With these data
d <- data.frame(time=1:5, side=c("r","r","r","l","l"), val = c(1,2,1,2,1))
d
time side val
1 1 r 1
2 2 r 2
3 3 r 1
4 4 l 2
5 5 l 1
We can spread to a tidy dataframe like this:
library(tidyverse)
d %>% spread(side,val)
Which gives:
time l r
1 1 NA 1
2 2 NA 2
3 3 NA 1
4 4 2 NA
5 5 1 NA
But say we have more than one val
for a given time/side. For example:
d <- data.frame(time=c(1:5,5), side=c("r","r","r","l","l","l"), val = c(1,2,1,2,1,2))
time side val
1 1 r 1
2 2 r 2
3 3 r 1
4 4 l 2
5 5 l 1
6 5 l 2
Now this won't work because of duplicated values:
d %>% spread(side,val)
Error: Duplicate identifiers for rows (5, 6)
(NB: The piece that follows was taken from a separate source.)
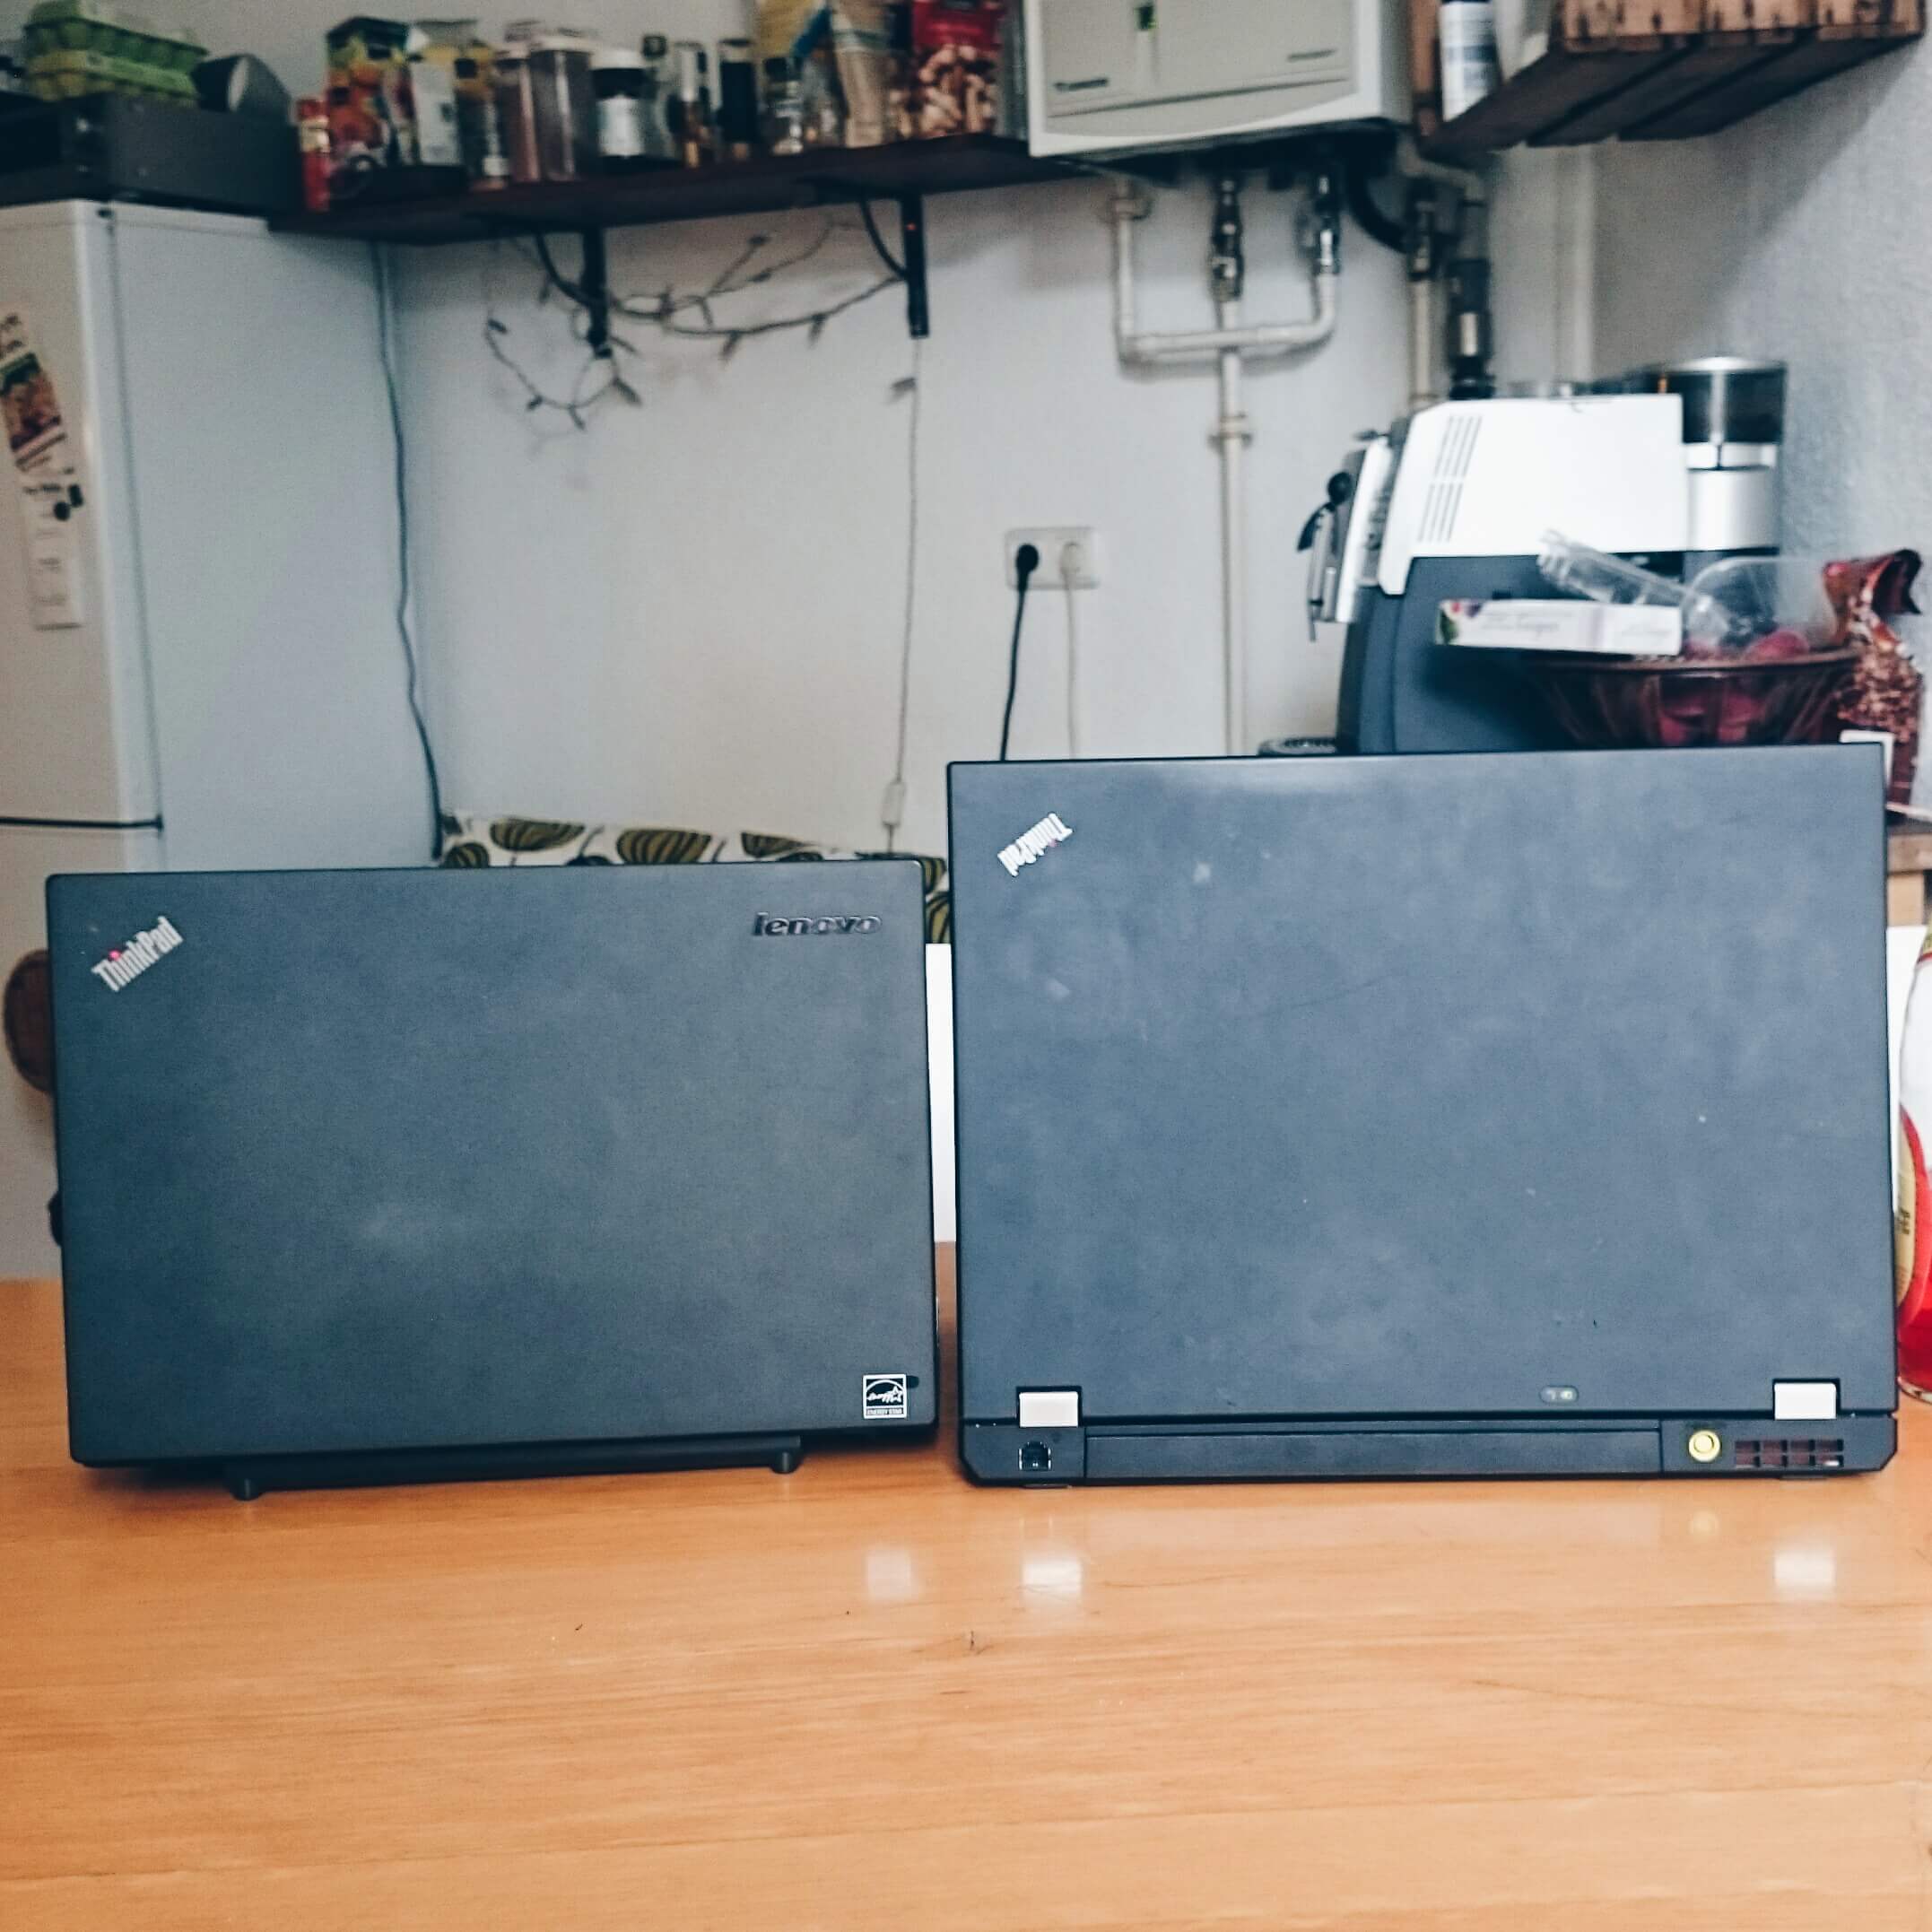 zwei Laptops in Küche

Is there an efficient way to force this behavior (or alternative). The output would be eg
time l r
1 1 NA 1
2 2 NA 2
3 3 NA 1
4 4 2 NA
5 5 1, 2 NA
The data.table
/ reshape2
equivalent of tidyr::spread
is dcast
. It has a more complicated syntax than spread
, but it's more flexible. To accomplish your task we can use the below chunk.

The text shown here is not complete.